I adore anything different. Amber Green conceived the idea for this bizarre anthology of work, not having any idea what she was opening herself to.
A varied array of writers jumped at the opportunity to be a part of this collection.
Writing a story about lesbians, zombies, music, and college, isn't as easy as I thought it would be, but don't we all love a challenge?
My story, "The Zombie with Flowers in Her Hair" and Amber's "Dead Kitties Don't Purr" are already available.
There are plenty more works by several authors still to come.
My brief point is, don't be afraid to stretch yourself, to let your imagination take over and lead you where it will. You never know what you're capable of until you try.
KB Cutter's offering in the Lesbians vs Zombies: The Musical Revue anthology was released today by Noble Romance Publishing.
A Zombie Apocalypse can be a real buzz-kill.
The jolly Captain Morgan and I, best mates, we were; however, the buccaneer was playing mischief with my sea legs. I stood with said legs slightly apart, swaying as if the bar’s floor were the wooden deck planks of a pirate sloop.
I spotted my prize leaning against the jukebox, booted foot tapping in rhythm to George Thorogood’s raspy lament of "one bourbon, one scotch, and one beer." Her treasures, encased in snug tight blue jeans that accentuated the tantalizing curves of her ass, were mine for the plundering. Life was good, damn good at Red’s Roadside Tavern, until one of the locals burst through the door.
The first thing I noticed was his eyes. Aside from an unnervingly vacant stare, his irises bore the milky white of cataract-afflicted orbs. His mouth was a crooked maw of blackened gums and jagged teeth; hair matted to his skull, slick with sweat and rain.
At the time, we had no clue that he—it—was the infected, soon to be walking dead. None of us did.
Christ, who would have?
After a bemused second or so, I recognized him—it—as the boorishly drunken local that Reginald (Red to the local patrons, Reginald’s Roadside Tavern just doesn't have the same masculine ring to it) had tossed out shortly after we arrived. We, as in me, my current squeeze Sasha, my boss Cherry, and Zoey and Fipps.
I suppose we looked like weekend posers, clad in our black leather jackets with Ink Bitches emblazoned in crimson on our backs.

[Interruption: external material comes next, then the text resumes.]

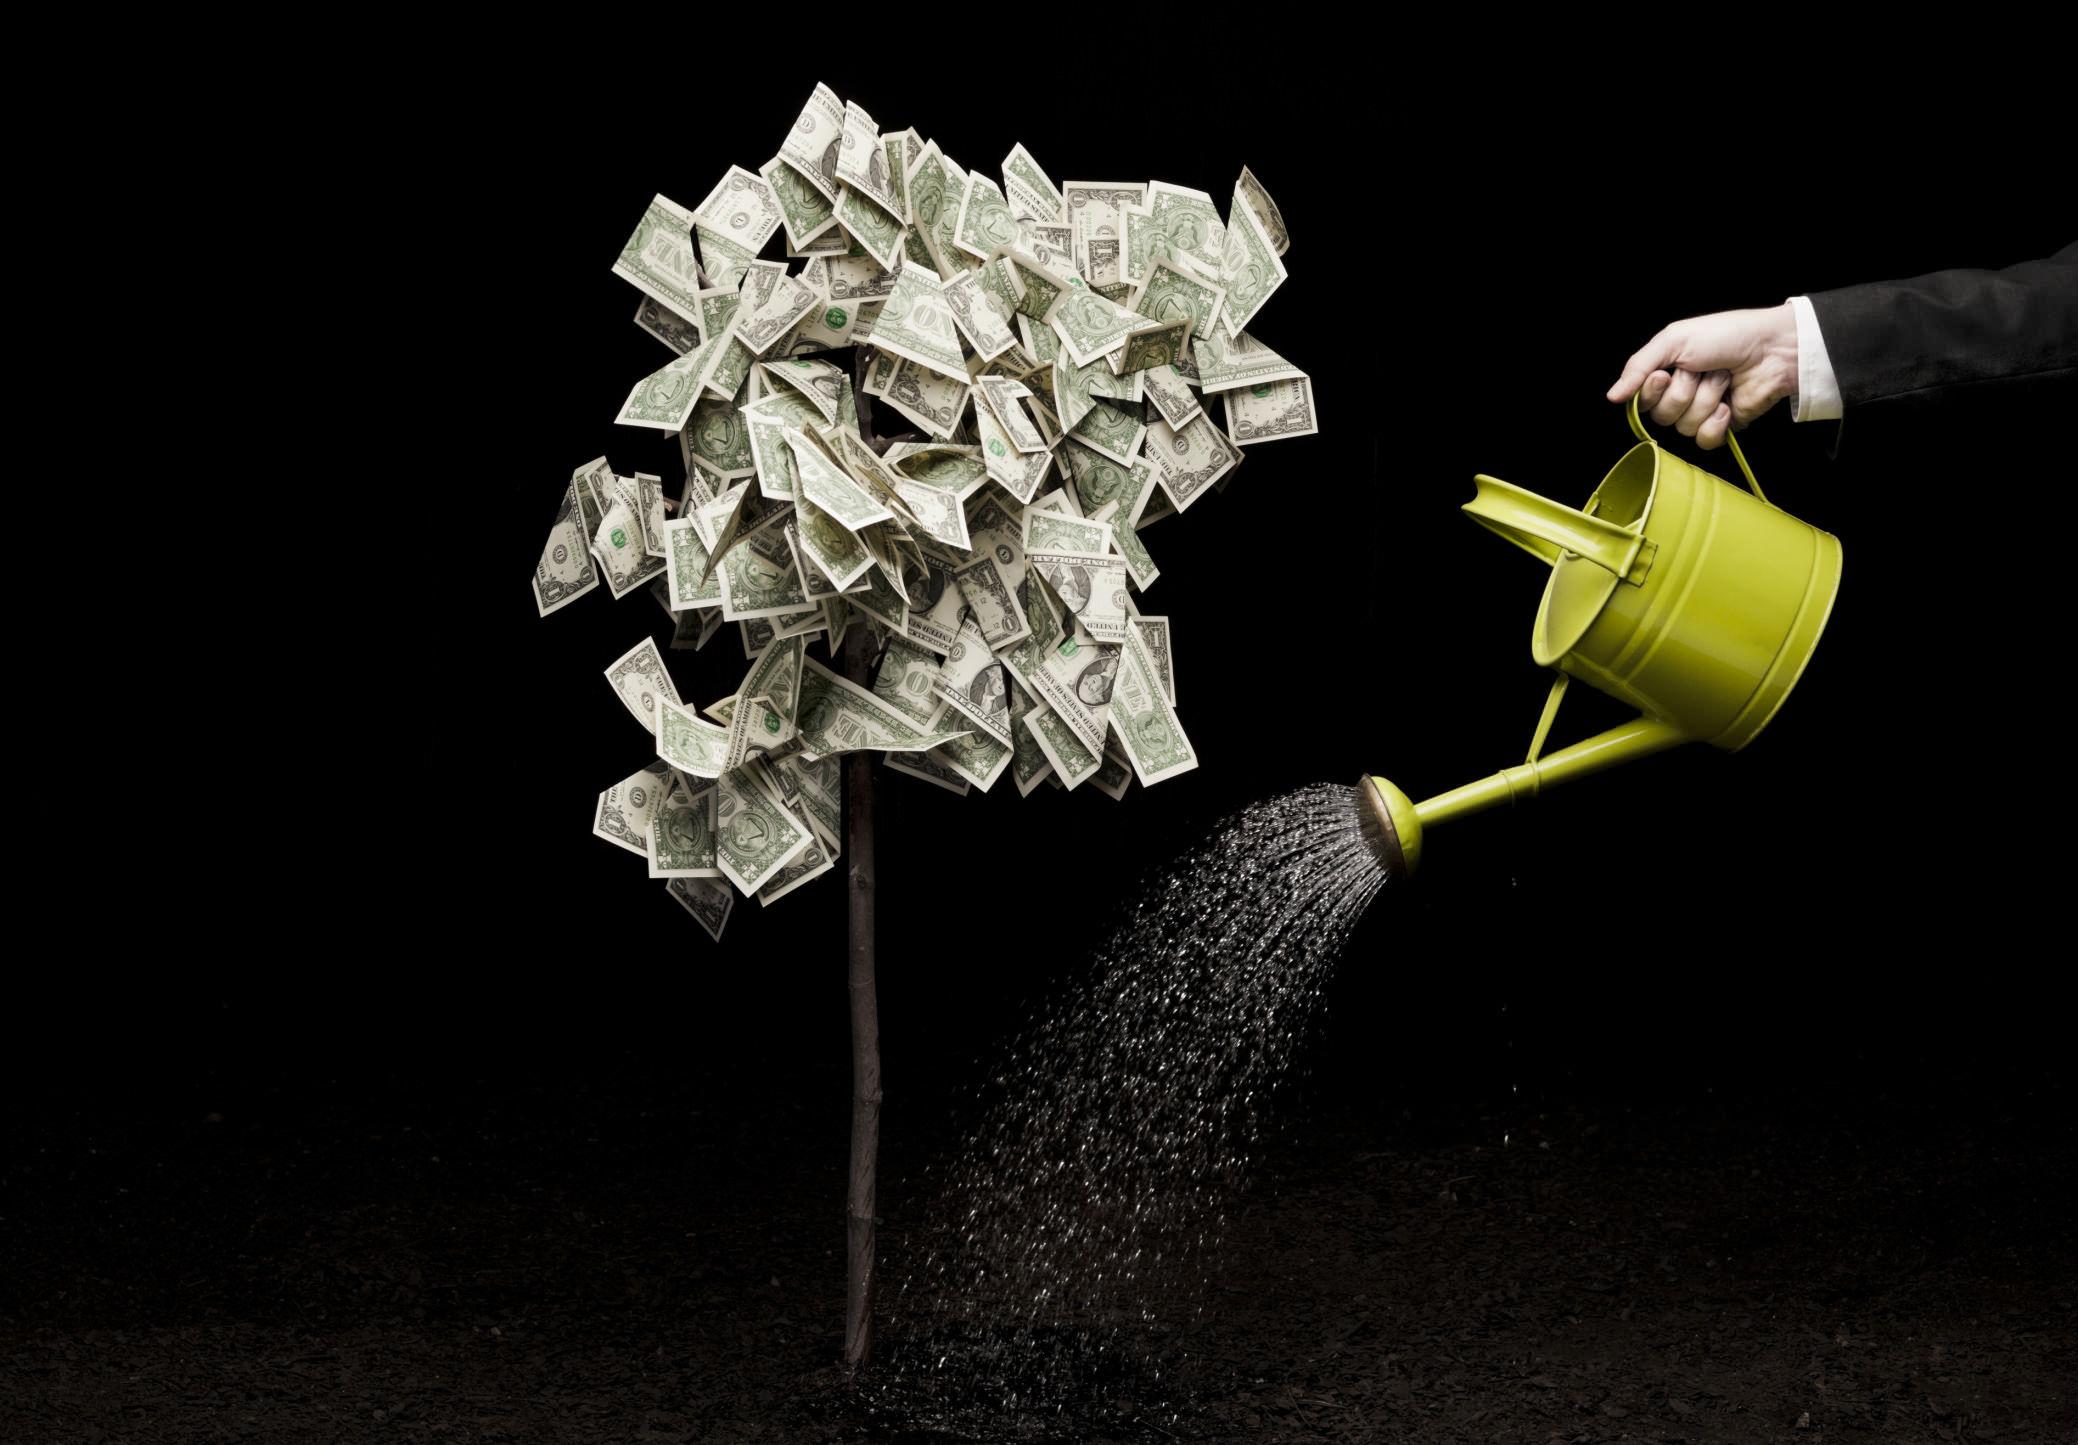 Лучшие краткосрочные инвестиции для ваших денег

Shit, maybe we are. Or were . . . .
I could bullshit myself, say I ain't no weekend road warrior. I ran with the real deal way out west in Nevada, tending bar in a bikers' beer and shot dive, and dealing weed—which got me into my first and last knife fight with a meth-head. Bitch slashed me across the stomach. I have the war wound to prove it, thin red line just above my navel. Sasha dug it.
Said it was sexy as hell.
Fuck.
Heat flared in my loins. I envisioned Sasha's pink, serpentine flesh gingerly tracing the contours of my scar. I felt her hot, moist breath pebbling my skin while my fingers curled in her tousled locks, urging her lower. We should have stayed in our shabby little motel room, wearing out the ancient bedsprings, her face buried between my legs, my thighs quivering as she furiously lapped the engorged nub of my sex, coaxing my orgasm into her overworked mouth. I wanted to return the favor, raking my tongue over every inch of her undeniably feminine, voluptuous curves, my hands relishing the generous heft of her full, creamy breasts, my fingers tweaking her puckered nipples.

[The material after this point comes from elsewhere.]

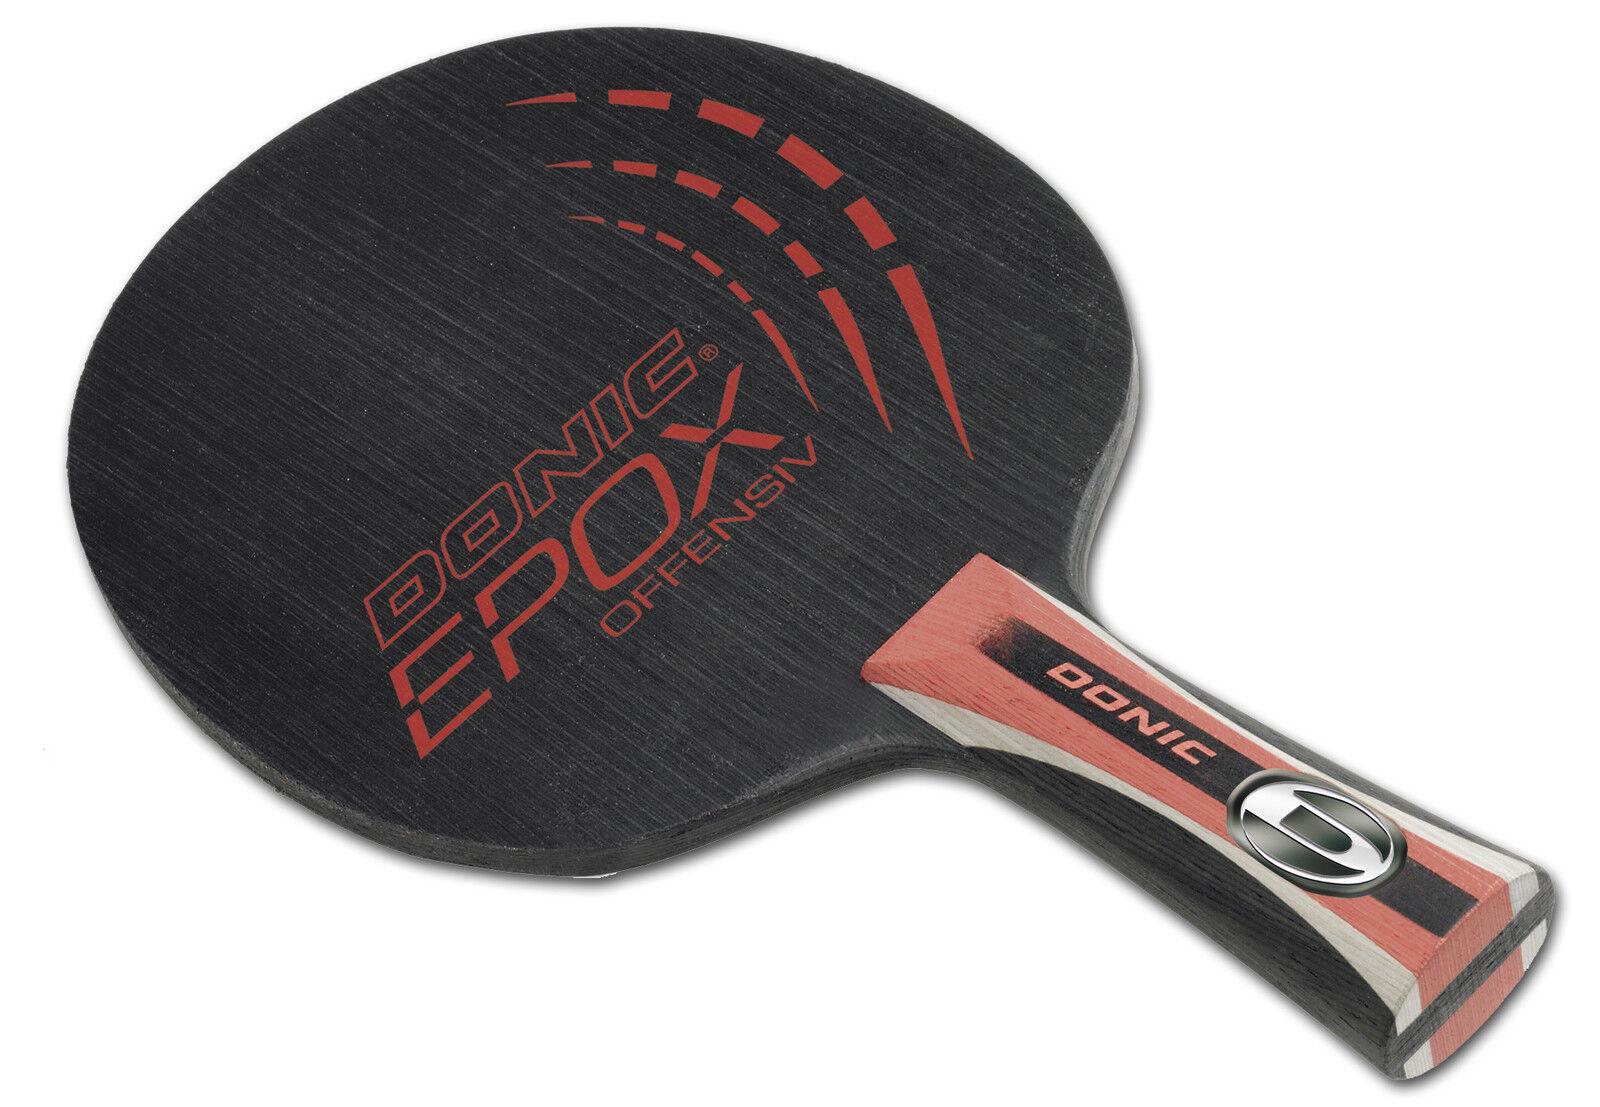 Donic Epox Offensive Tennis de Table-Bois Raquette de Tennis de Table

Sasha wouldn't have it. She wanted to get her drink on, which meant when we later tumbled onto the worn bed, she would beg me to use the strap-on dildo. I wasn't a big fan of the latex cock. Sure, I enjoyed the use of a vibrator on occasion, just not one fashioned after some porn star's massive tool. Sasha wasn't completely down with the sister hood.
She hung out with me to piss off her parents by dating a girl, let alone a black chick. Despite my cynical exterior, I thought I could make a go of it, nurture our physical relationship into something deeper, more profound.
Love?
Who the fuck was I kidding? Leonard Cohen said it best: Love is not a victory march, it’s a cold and it's a broken Hallelujah. Sasha's voice wasn't the whispered prayer I needed to hear in the dark. Nor was her flesh, pressed close to mine, the salvation that eluded me.
Damn, I'm getting all biblical; my Gran would be proud. And it ain't a stretch to think of now as the End Times.
My relationship with Sasha pissed off Zoey. I knew Zoey had a thing for me. We never dated, just hung out one or two boozy nights. We worked together in Cherry's Ink, a tat parlor on the lower east side of Manhattan. An 'office' romance was out of the question. I thought we were both a bit possessive, and to be in tight quarters even longer hours wouldn't jibe with our dominant personalities. Although I would not mind being dominated by Zoey, she, possessed of a rock-hard bod and killer, cobalt gaze that sweeps over my body like blue fire . . . .
Shit, my mind is adrift, like an unmoored boat. I have to concentrate. Anchor my thoughts. I want to get all this down while I still have my faculties.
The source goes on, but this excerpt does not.